Когда я выходил из комнаты, Наталья стояла спиной к двери.

На третий день после этого Наталья сидела в политехнической столовке на моем месте напротив окошка, где выдают супы. Она была одна. Я сел рядом с ней. Она протянула мне листок. Я прочел:

«Меня зовут Наталья. Я не переставала думать о тебе, с тех пор как облила тебя супом. Могли бы мы иногда встречаться?»

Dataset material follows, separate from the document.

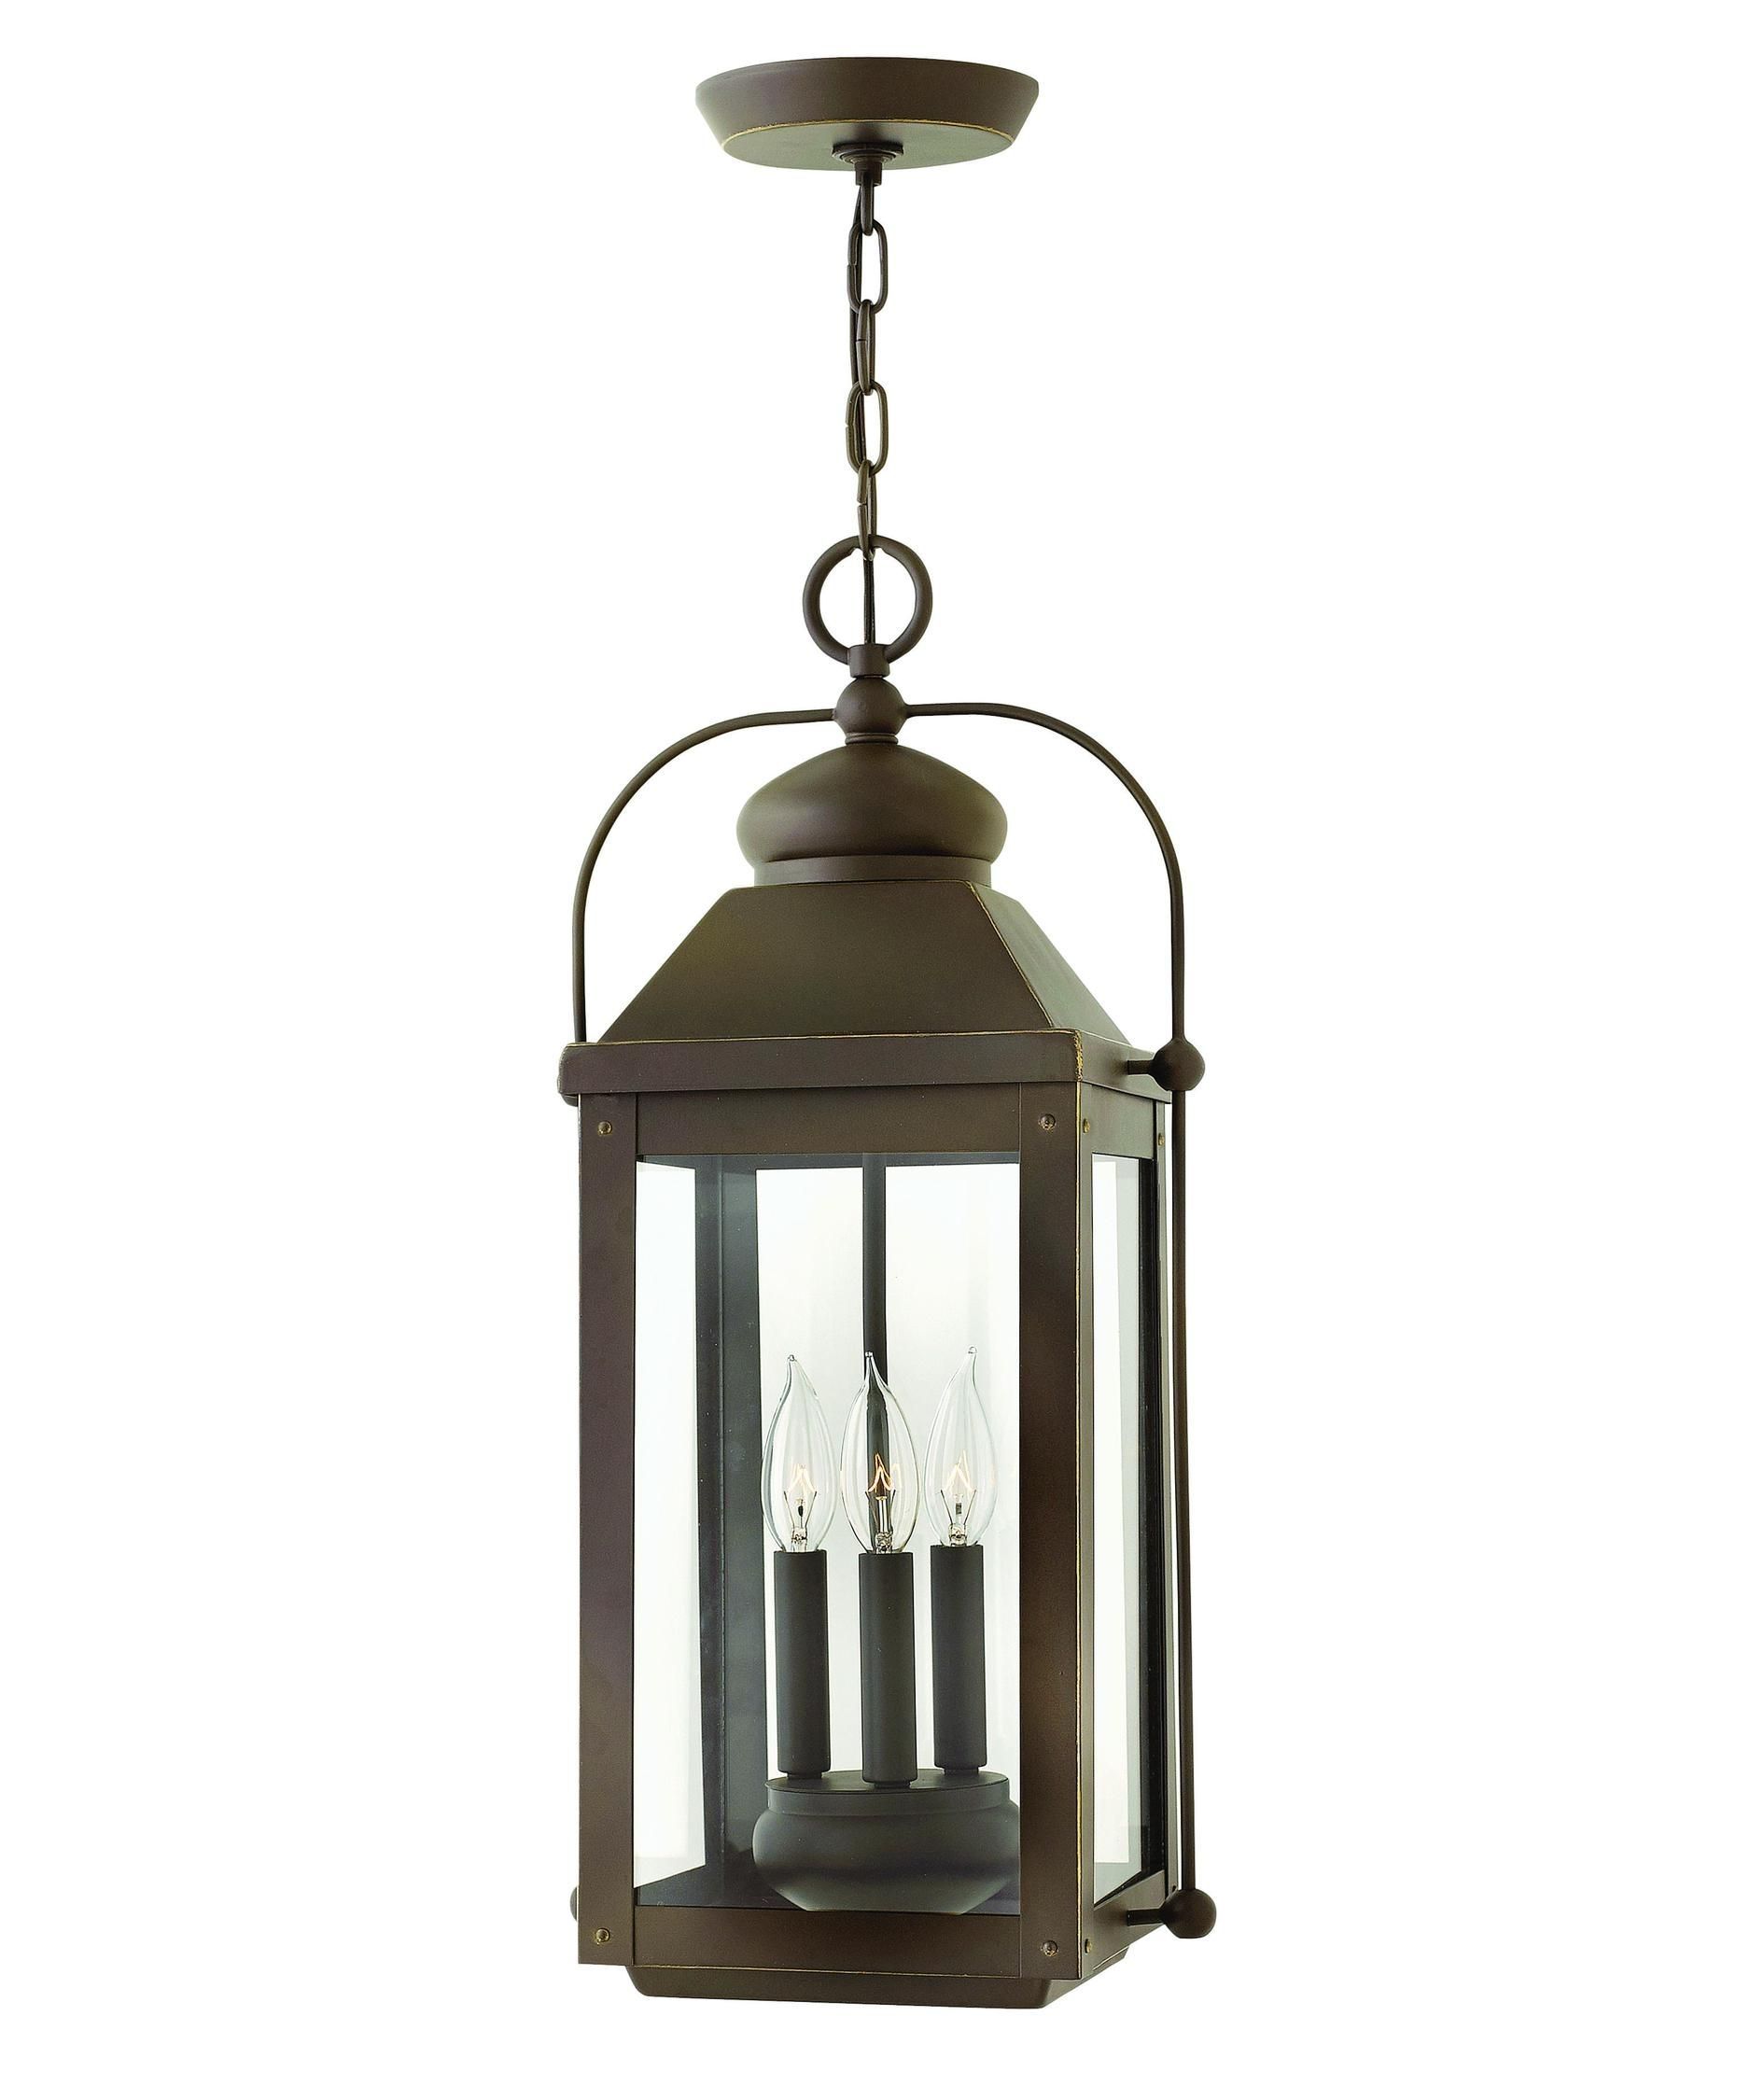 Hinkley Lighting Anchorage 11 Inch Wide 3 Light Outdoor Hanging Within Hinkley Outdoor Hanging Lights (View 9 of 15)

Пожалуй, я уже тогда был в нее влюблен. Месяц спустя я уже по-настоящему любил ее. Она была мне дороже всех, была самая красивая, самая отзывчивая. Единственная. Она угадывала мои мысли. Знала, когда мне холодно, а когда чересчур жарко. Читала книги, которые нравились мне Покупала все только зеленое. Когда она узнала, что я люблю зеленый цвет, все у нее стало зeлeнoe. Платья, юбки ногти, макияж. И бумага, в которую она заворачивала подарки для меня. Она купила проигрыватель и пластинки, чтобы я мог вместе с нею слушать музыку.

Представляешь? Она покупала мне пластинки, которые никогда не могла услышать, и просила меня, чтобы я рассказывал ей музыку. Все должно было быть так же, как с любой женщиной, у которой все в порядке со слухом.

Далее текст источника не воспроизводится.